You’ll wake up on your birthday relatively spritely for someone who took three times the recommended dose of sleeping tablets the night before. Not in an effort to never wake up, just so that you could get some sleep. You’ll forget it’s your birthday, and you’ll be stood up for an early morning walk, but somehow get up anyway. You won’t remember it’s your birthday until your mum comes down and wishes you a happy birthday and gives you a cuddle (reserved for when you’re going overseas, returning from overseas or celebrating a birthday) and presents the parcel that your sister sent that she denied arrived.
You’ll get a birthday card signed by the cats, an amazing Michael Kors watch, a book full of love, and she’ll try to hide the cake that she’s baking – layer cake just like you requested. You’ll realise that your breasts haven’t sagged over night and that your crows feet are no more pronounced. There are no grey hairs, well there might be, but you won’t be able to see them in the frizzy, blonde mop.

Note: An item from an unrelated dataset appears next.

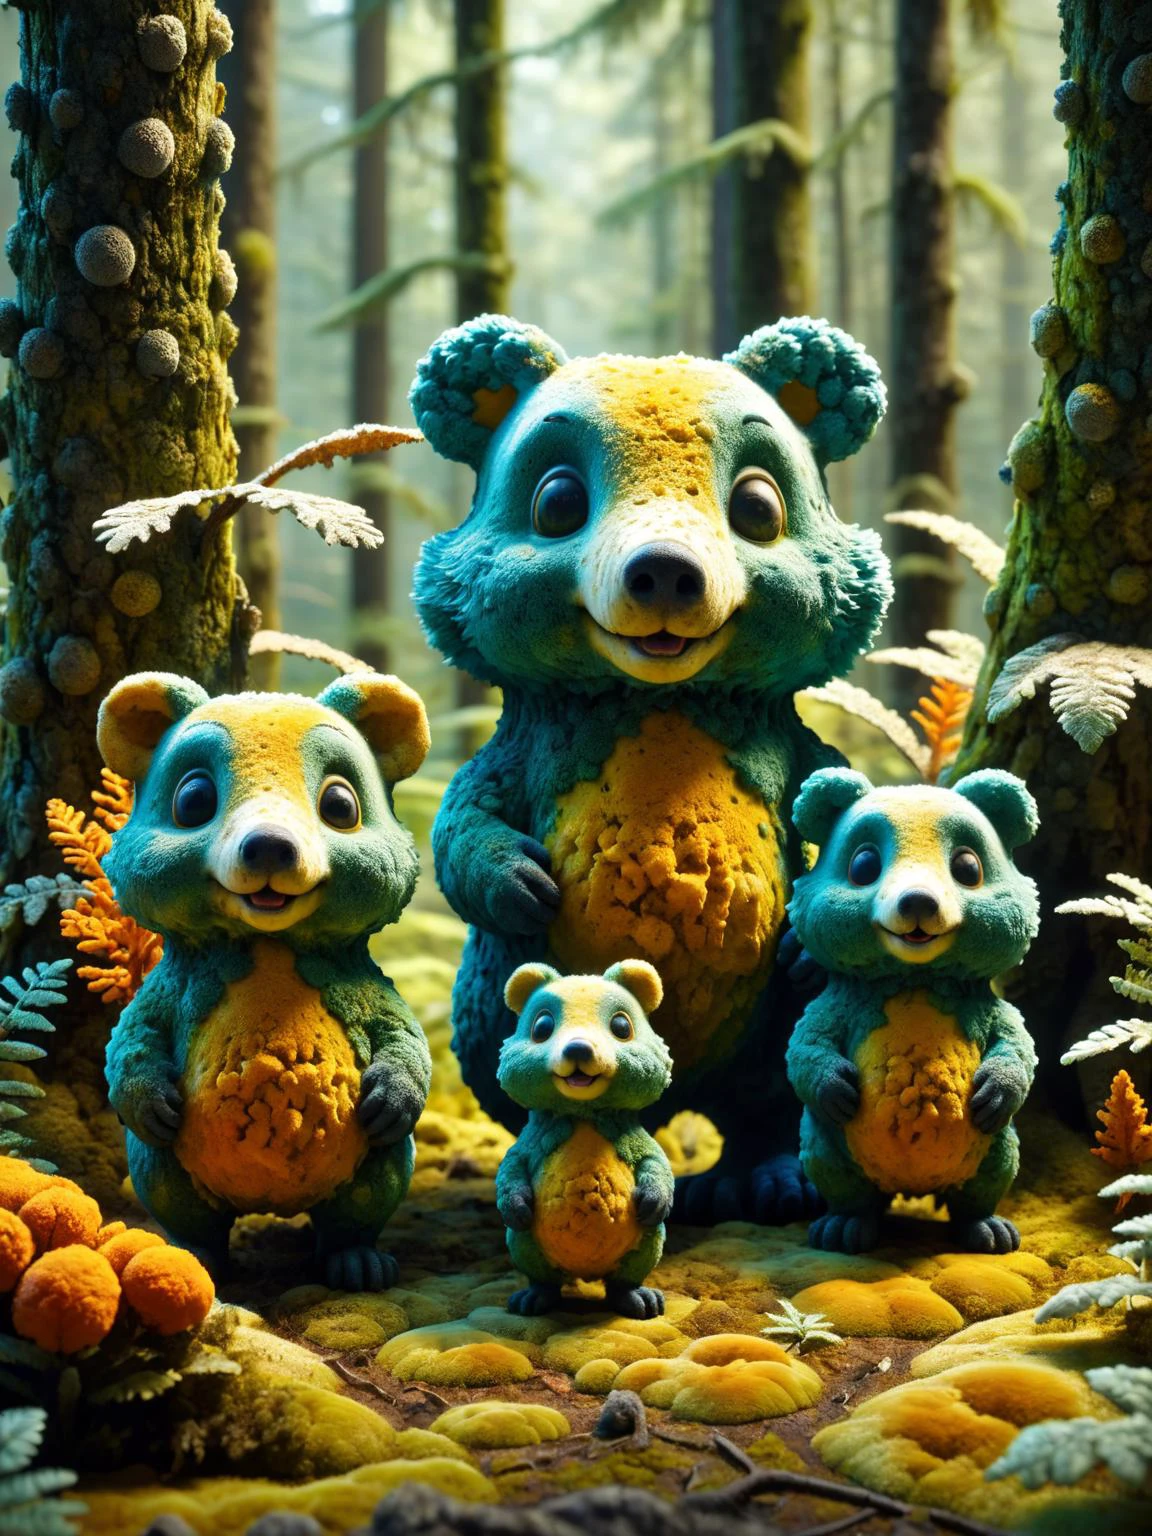 molde ral, Uma representação lúdica em estilo de animação de uma família de animais mofados em uma floresta, com cores vibrantes e texturas de molde envolventes dinâmicas, cinematic, Obra de arte, intricado, hdr, 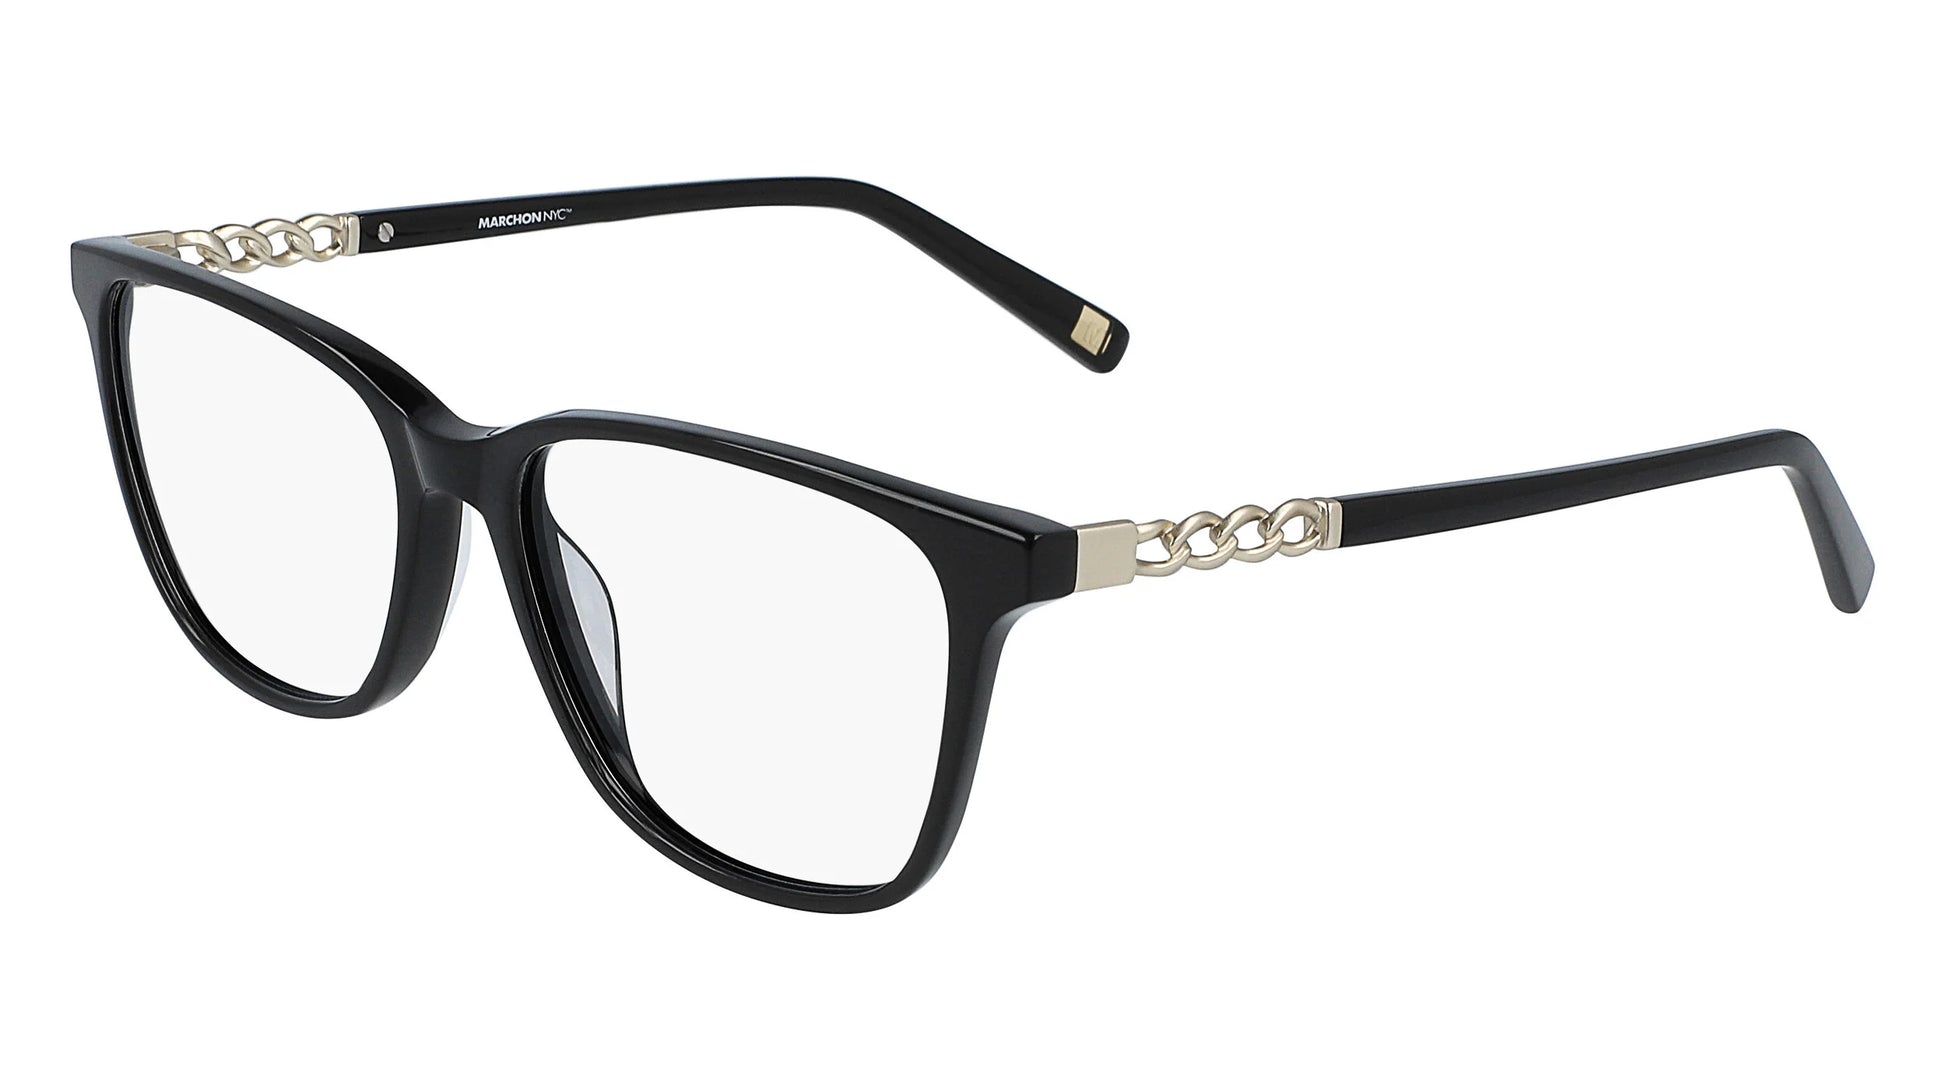 Marchon NYC M-5008 Eyeglasses Black

You’ll get to work and your desk will be decorated with balloons and streamers and banners. You’ll go to your favourite cafe for lunch and order two lunches – cos it’s your birthday. You’ll get FOUR bunches of flowers, more than you’ve received in a decade, let alone a day. You’ll get home and family friends will have come to stay. Aunty Jill will marvel that it’s been 30 whole years since she drove your labouring mum to hospital – your dad was in Whangamata looking at a car. It will all feel a wee bit full circle – in a nice way.
You’ll go to bed full of layer cake, watch a bit of First 48 on CI Channel, and realise that maybe 30 isn’t going to be so bad after all.